29. De cipier liet licht brengen, rende naar binnen en wierp zich hevig bevend voor Paulus en Silas neer.
30. Hij bracht hen naar buiten en zei: "Heren, wat moet ik doen om gered te worden?"
31. Ze antwoordden: "Geloof in de Heer Jezus Christus, dan zullen jij en je hele huis worden gered."
32. En ze maakten hem en iedereen in zijn huis het woord van de Heer bekend.
33. Nog in datzelfde nachtelijk uur nam hij hen mee, waste hun striemen en liet zich dopen, samen met zijn hele gezin.
Paulus en Silas weer vrijgelaten34. Hij bracht hen naar zijn huis en zette hun een maaltijd voor, vol blijdschap dat hij en zijn huis tot geloof in God waren gekomen.
35. Toen het dag was geworden, stuurden de stadsbestuurders gerechtsdienaren naar de gevangenis met het bericht: "Laat die mannen vrij."
36. De cipier bracht dit aan Paulus over en zei: "De stadsbestuurders hebben laten weten dat jullie vrijgelaten moeten worden. Jullie kunnen dus gaan. Het ga jullie goed."
37. Maar Paulus antwoordde: "Ze hebben ons, ook al zijn wij Romeinen, zonder enige vorm van proces in het openbaar stokslagen gegeven en ons gevangengezet. Willen ze ons dan nu zomaar vrijlaten, zonder dat iemand het weet? Dat gaat zomaar niet!
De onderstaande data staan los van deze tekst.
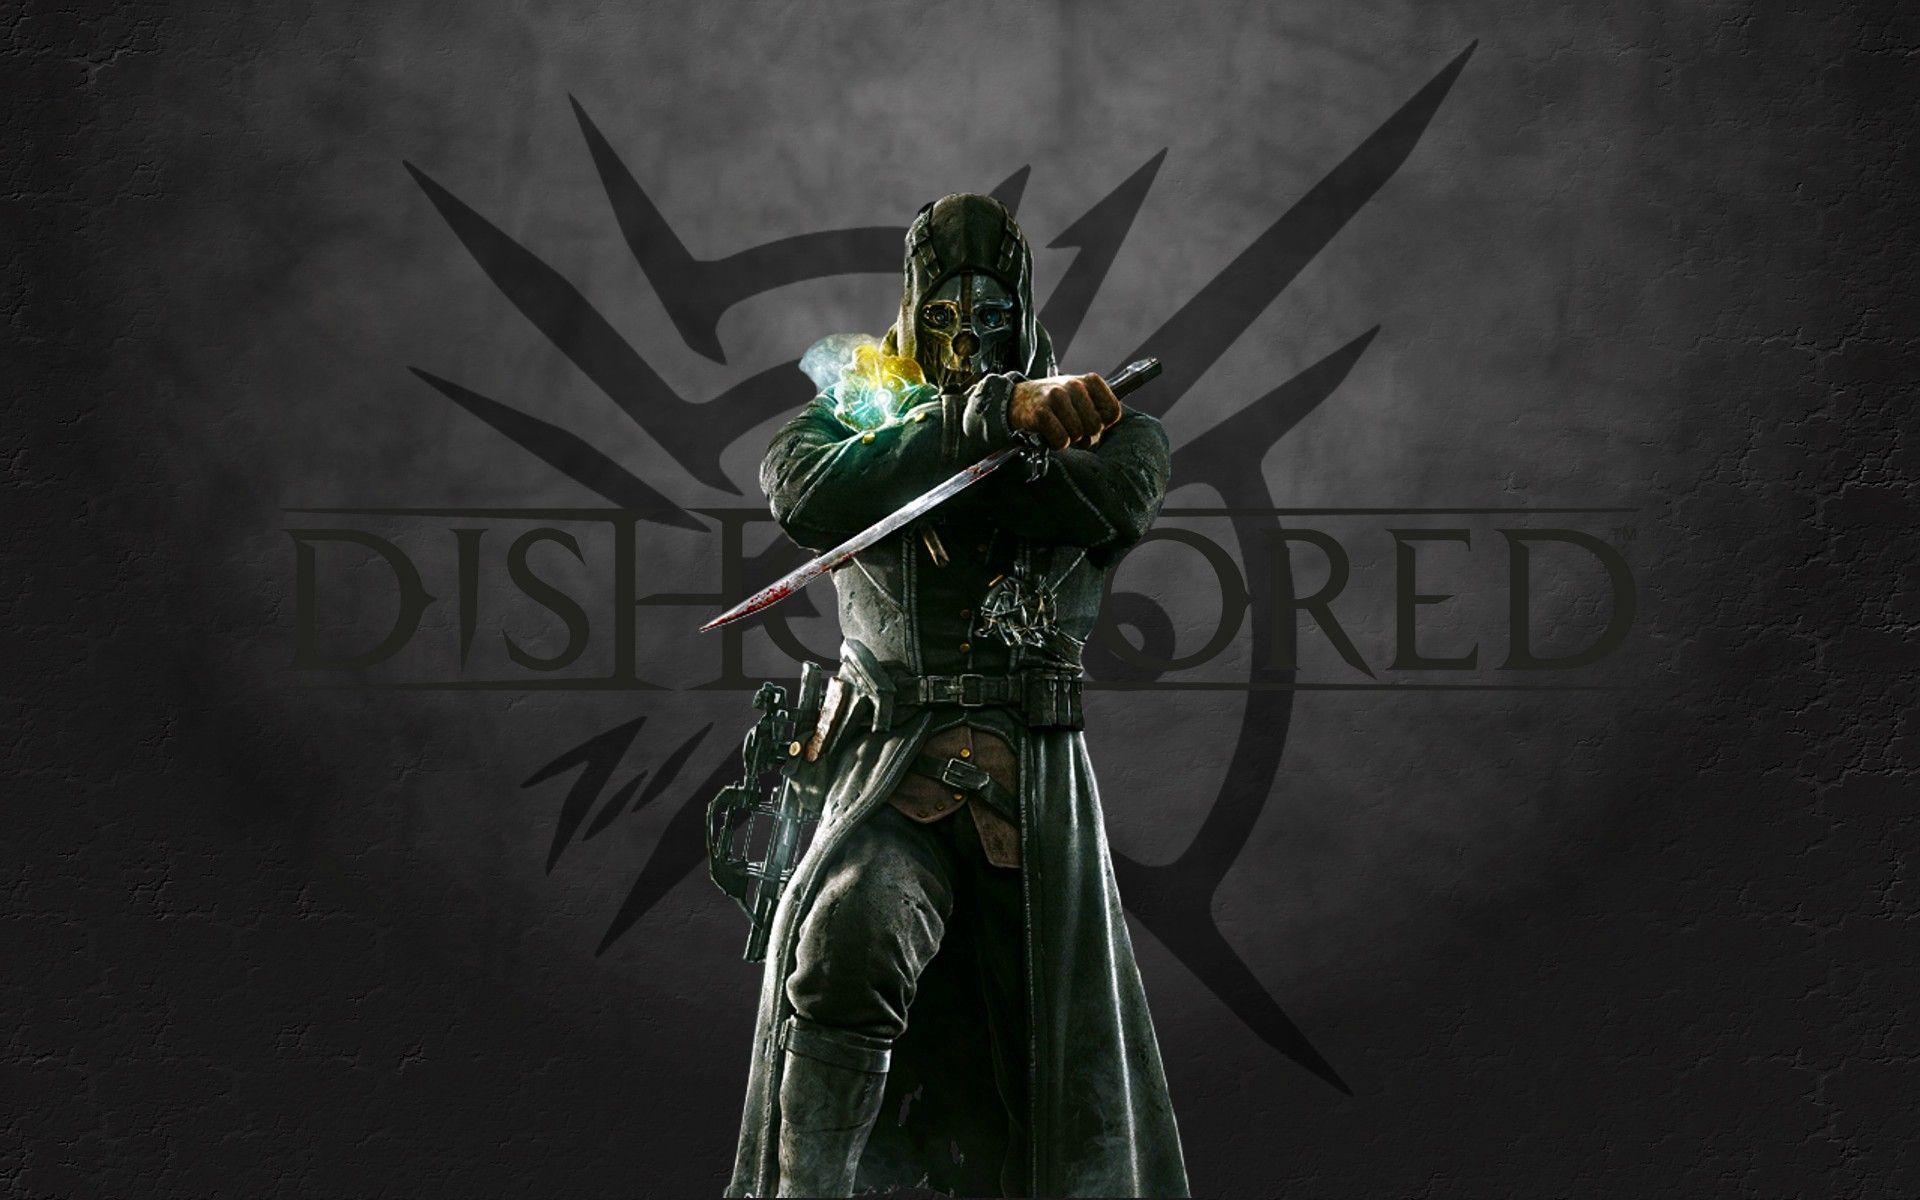 Dishonored 2 4k Wallpaper 3 Wallpaper 3840x2160 1051568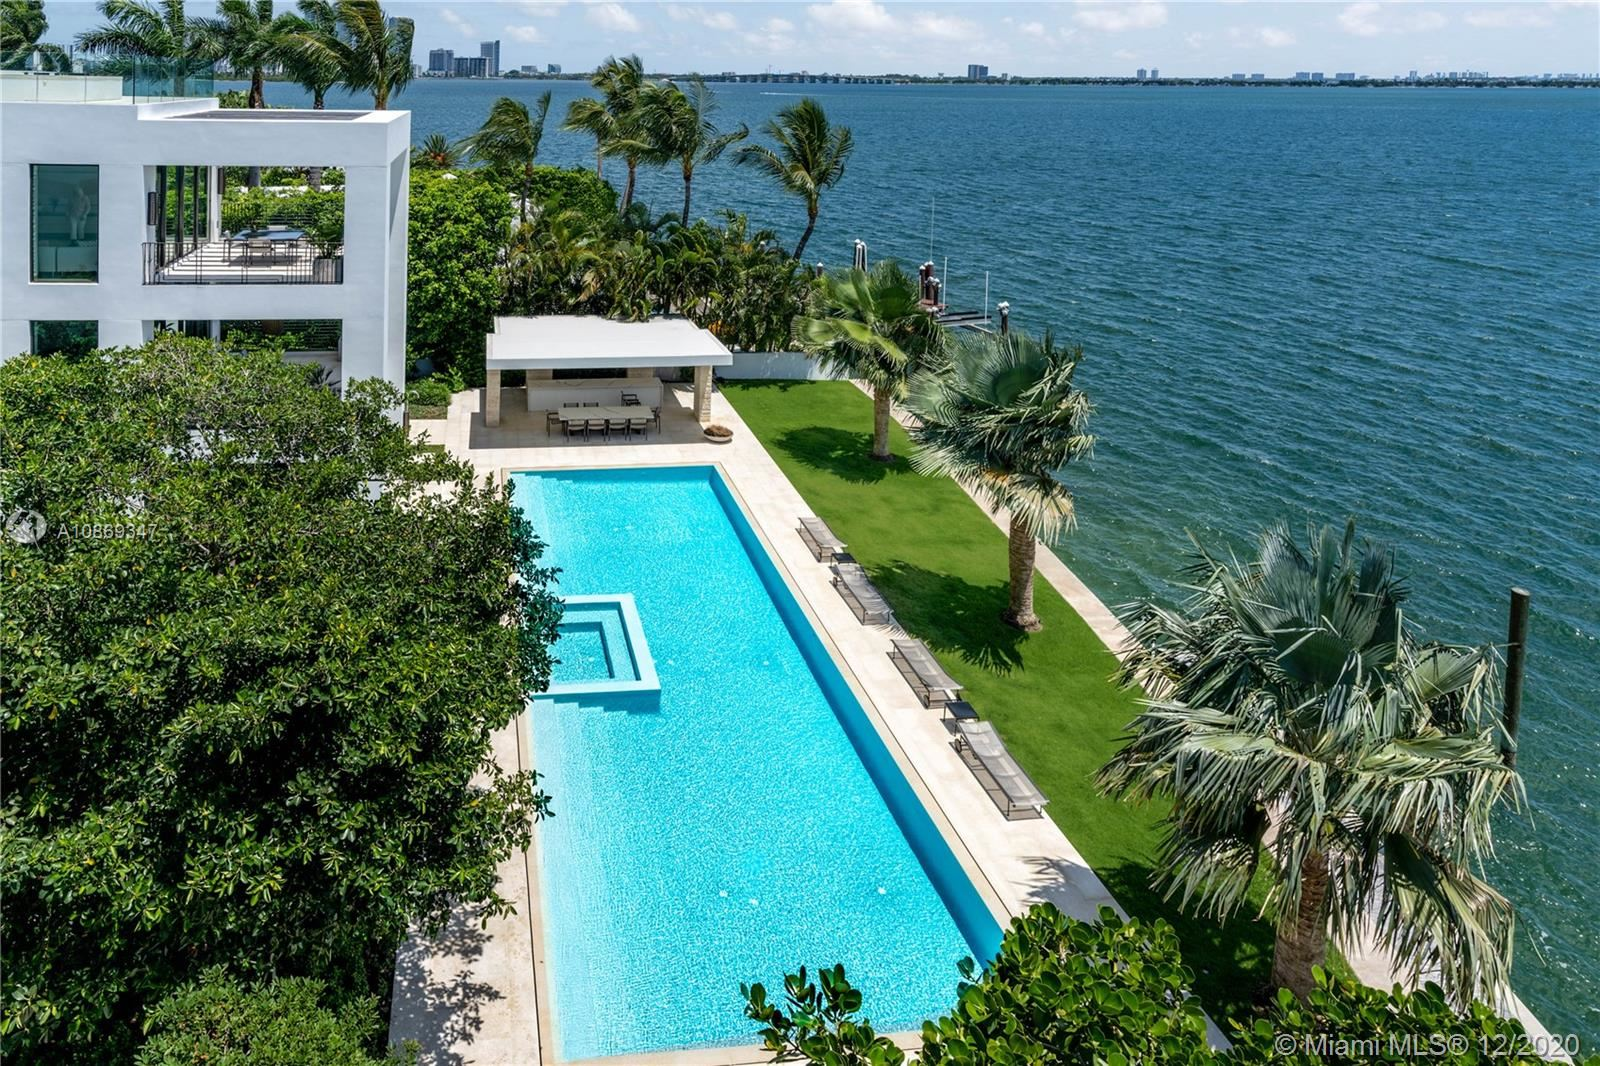 Photo 6 of Listing MLS a10869347 in 1429 N Venetian Way Miami FL 33139

Laten ze zelf komen en ons naar buiten brengen!"
38. De gerechtsdienaren brachten hun woorden over aan de stadsbestuurders. Deze schrokken toen ze hoorden dat zij Romeinen waren.
39. Ze kwamen naar de gevangenis, boden hun verontschuldigingen aan, brachten hen naar buiten en verzochten hun de stad te verlaten.
40. Na hun vertrek uit de gevangenis gingen ze naar het huis van Lydia. Ze ontmoetten de broeders en zusters en bemoedigden hen. Daarna verlieten ze de stad.